Occupation: Cofounder, MORTAR
His style: Locally sourced and  tailor-made

Derrick Braziel

Photograph by Annette Navarro

MORTAR offers 10-week courses aimed at helping urban, nontraditional entrepreneurs launch or build businesses. What kind of sartorial advice do you give your students?
Most of our students come from poverty. We don’t tell them there’s anything wrong with that. But our world operates according to middle-class norms. In order to be successful, you have to understand that those norms exist and play to them. We also talk about e-mail addresses and social media. We call it “getting to know yourself.” You have to assess how you look, how you dress, how you present yourself to the public. We reinforce that every single week, but not in a way that’s judgmental or condescending.

You live and work in OTR. Do you shop OTR too?
I try my hardest to support local when I can. My shoes and socks are from Goods.
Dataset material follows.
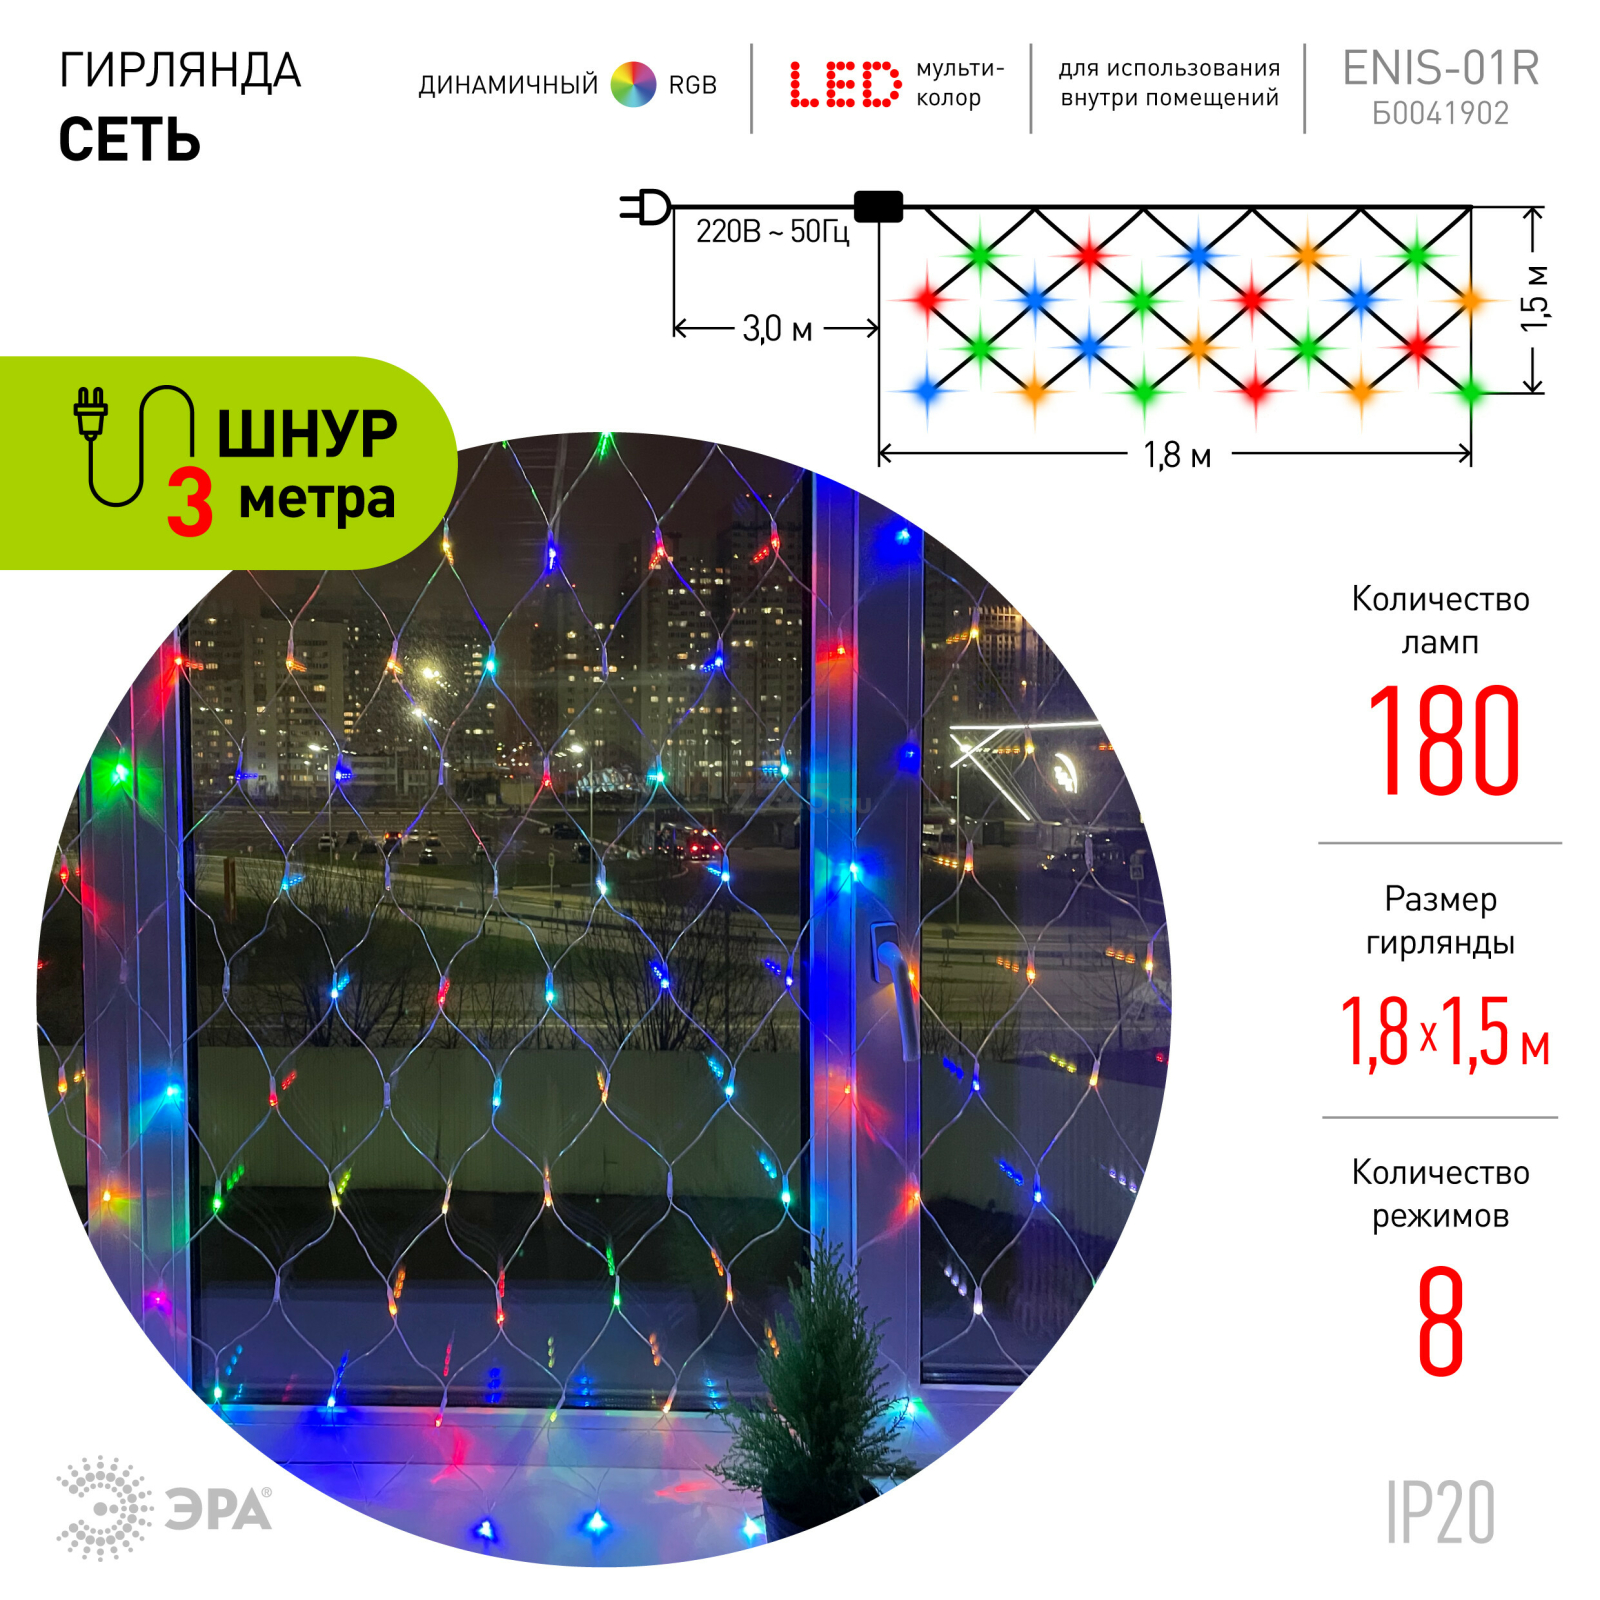 Гирлянда новогодняя светодиодная ЭРА Enis-01R Сеть 1,8х1,5 м 180 диодов RGB - Фото 2
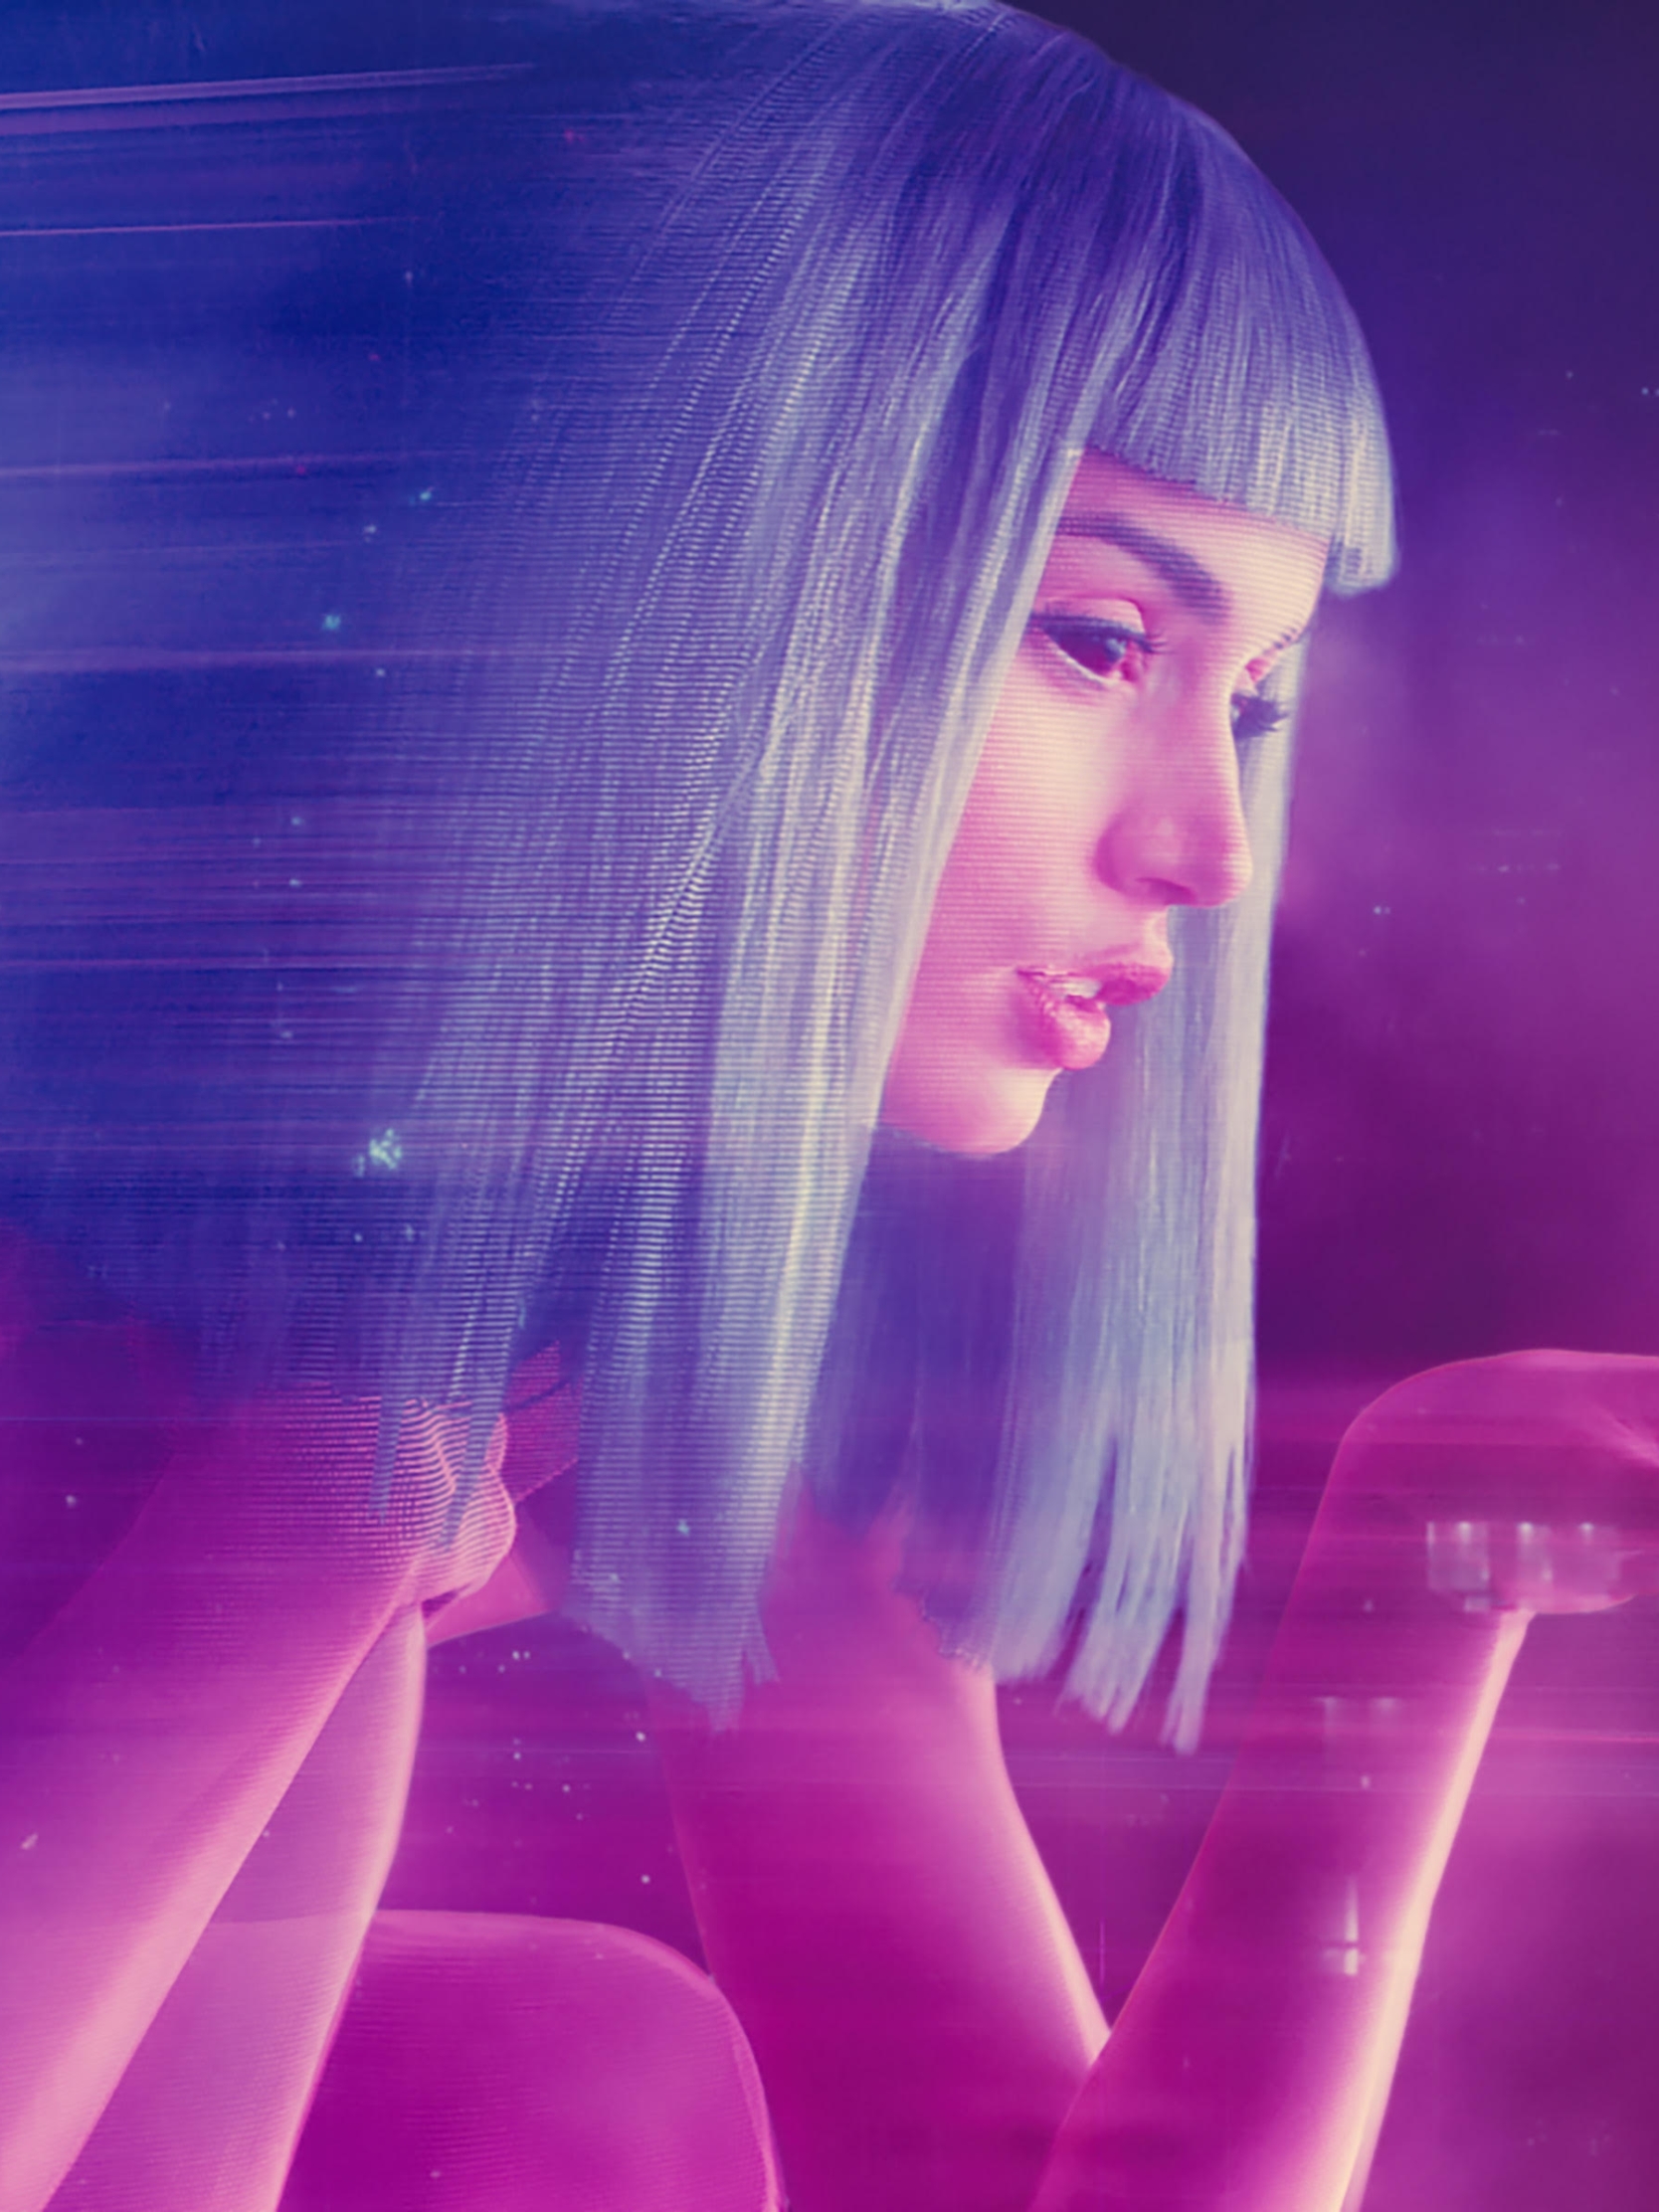 Download mobile wallpaper Movie, Ana De Armas, Blade Runner 2049, Joi (Blade Runner 2049) for free.

I bought my hat at the Hansa Guild in Clifton. Ninety percent of my tattoos have been done on Main Street. My glasses are from Frameri. I have an addiction to Frameri. I think I have five pairs from them.

MORTAR also operates Brick, a retail space that vendors can use for pop-up shops. Any favorite finds?
I bought a mud cloth shawl from Artistic Creations by PJ. She also sells beautiful jewelry. We’ve got several clothing retailers in our classes, like Ohio Against the World and BlackOwned. I love to wear their clothes because I want to support them.

Where do you go for staple pieces?
I get all my jeans at Old Navy because they’re made for the modern man, not for super skinny people. Then I always take them to Kim Dao, the seamstress on Court Street, for hemming and tapering. I have a very specific way of dressing and she knows what I like—like a restaurant knows what a regular customer likes.